Even in the very act of trying to help, I find my happiness and I find a creative community of people. In this way, we have already won. We always win if we will only wake ourselves from the hypnosis that the superpowerful would impose on us, and take responsibility as the happy leaders of our communities, our land, our earth.
In this generation, the fate of our natural environment, and of our democratic environment will be decided. Only great leadership, and great love, can get us through the times ahead. We must all take our part in this great drama. It is more than politics; it is a struggle of the soul, and it is exquisitely personal to each of us.

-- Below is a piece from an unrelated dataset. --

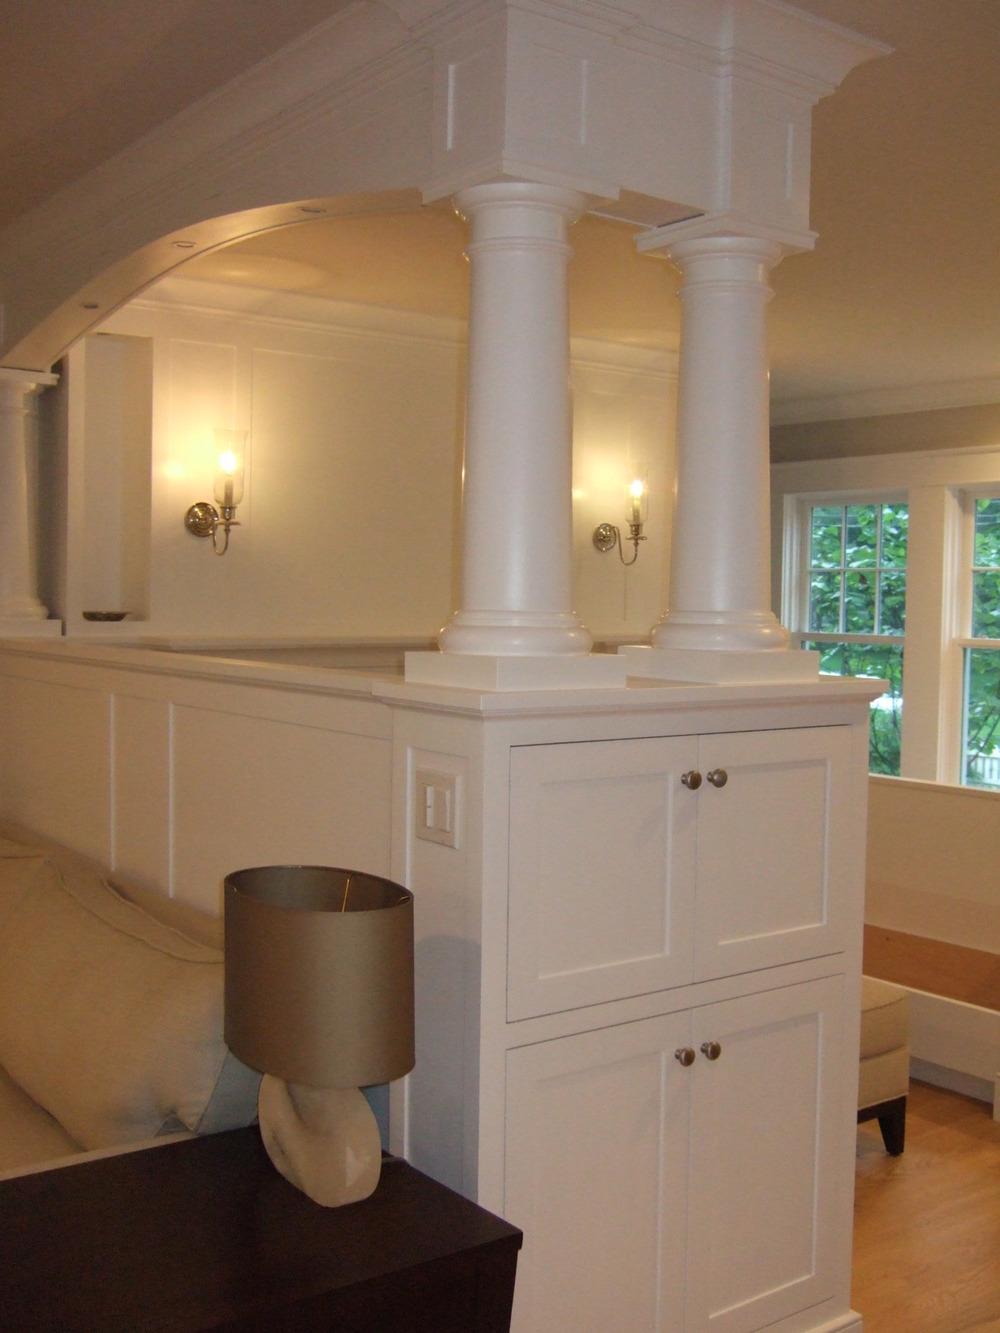 Darien LEED Home - Inglenook columns cabinets

I have talked long enough for someone who is supposed to be out walking. But let me say that I take my town with me. Our Town always travels with us, not even two steps down the path. The longitude and latitude of it cross upon our hearts. We bring the good community into being with our love and our relentless consciousness. We mustn't fail to appreciate the magical moment of life, and to fully participate in it joyfully and constructively, never giving an inch to injustice, unfairness or inequality, nor ever forgetting the long line of people we have known and loved in the great circle that extends well into the next life.
Thank you for listening to me today, and thank you for your warm hospitality along a snowy road.